Pantheon of Radicals -- Mary Elizabeth Lease: Populist - socialist - model for Wizard of Oz's Dorothy

Updated: May 19

1850-1933

called the "People's Joan of Arc".


campaigner for Populist Party in 1880s and 1890s.

also active in the Farmers' Alliance, the Knights of Labor, Socialist Labor Party.


Literary scholar Brian Attebery claimed Mary Elizabeth Lease to have been the model for Dorothy in L. Frank Baum's book The Wonderful Wizard of Oz.


(That is related to the idea that the Wizard of Oz story is a parable of political anti-bank reform, in which the yellow brick road is gold-backed currency, the tin man is the industrial worker, the scarecrow is the apolitical farmer, and I assume the hidden hand of the marketplace is the wizard behind the currtain. "Ain't it the truth, ain't it the truth"...)


With achievement of solid social progress and the election of Teddy Roosevelt on a reform platform, she said,

"In these later years I have seen, with gratification, that my work in the good old Populist days was not in vain. The Progressive party has adopted our platform, clause for clause, plank by plank. Note the list of reforms which we advocated which are coming into reality. Direct election of senators is assured. Public utilities are gradually being removed from the hands of the few and placed under the control of the people who use them. Women suffrage is now almost a national issue... The seed we sowed out in Kansas did not fall on barren ground."


She was said to have exhorted Kansas farmers to "raise less corn and more hell", but she later said that the admonition had been invented by reporters. Lease decided to let the quote stand anyway because she thought "it was a right good bit of advice"


In the Populist Party's 1890 campaign she made more than 160 speeches.

Excerpt from one, "The Money Question", is available here:


She is credited with helping cause the defeat of Kansas senator John Ingalls. William A. Peffer was elected on the Populist ticket.
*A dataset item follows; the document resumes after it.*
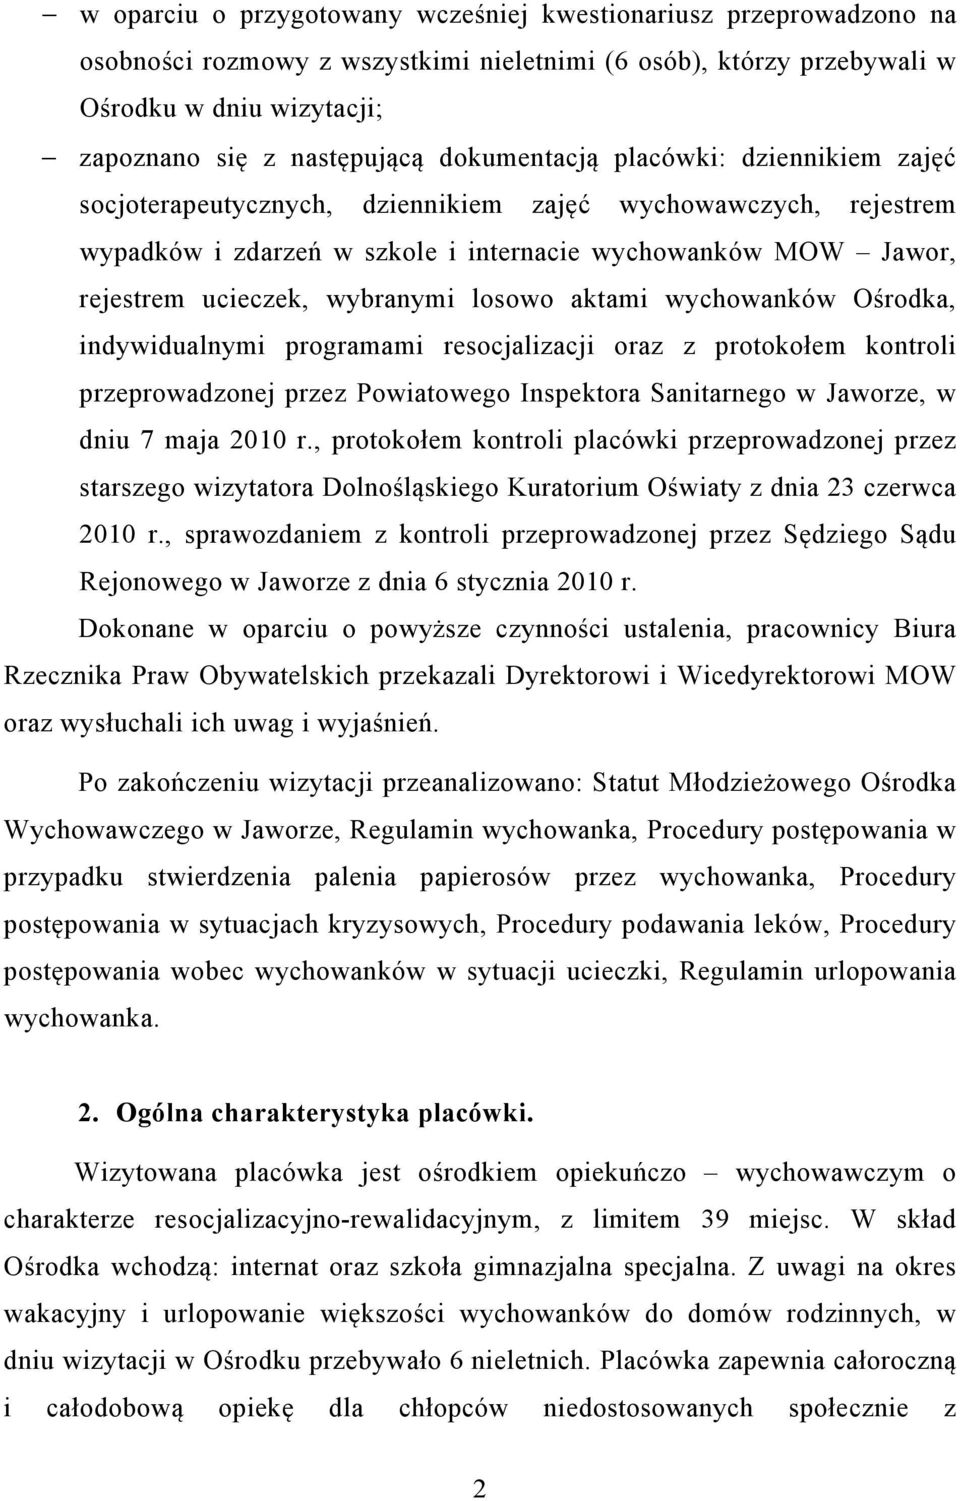 losowo aktami wychowanków Ośrodka, indywidualnymi programami resocjalizacji oraz z protokołem kontroli przeprowadzonej przez Powiatowego Inspektora Sanitarnego w Jaworze, w dniu 7 maja 2010 r.

In 1895, she wrote The Problem of Civilization Solved. [I have not yet checked this out - if the title is true, it is a good thing to read!]


In 1896, she moved to New York City where she edited the democratic newspaper, World. In addition, she worked as an editor for the National Encyclopedia of American Biography.


(above info from Wiki "Mary Elizabeth Lease")


Oddly,

Edmonton Bulletin Nov. 24, 1892 wrote that Lease was expected to be "elected U.S. Senator for Kansas on the 'populist' vote, that being the name for the United States's third party."

But there seems no other report that she ran for public office herself at any time.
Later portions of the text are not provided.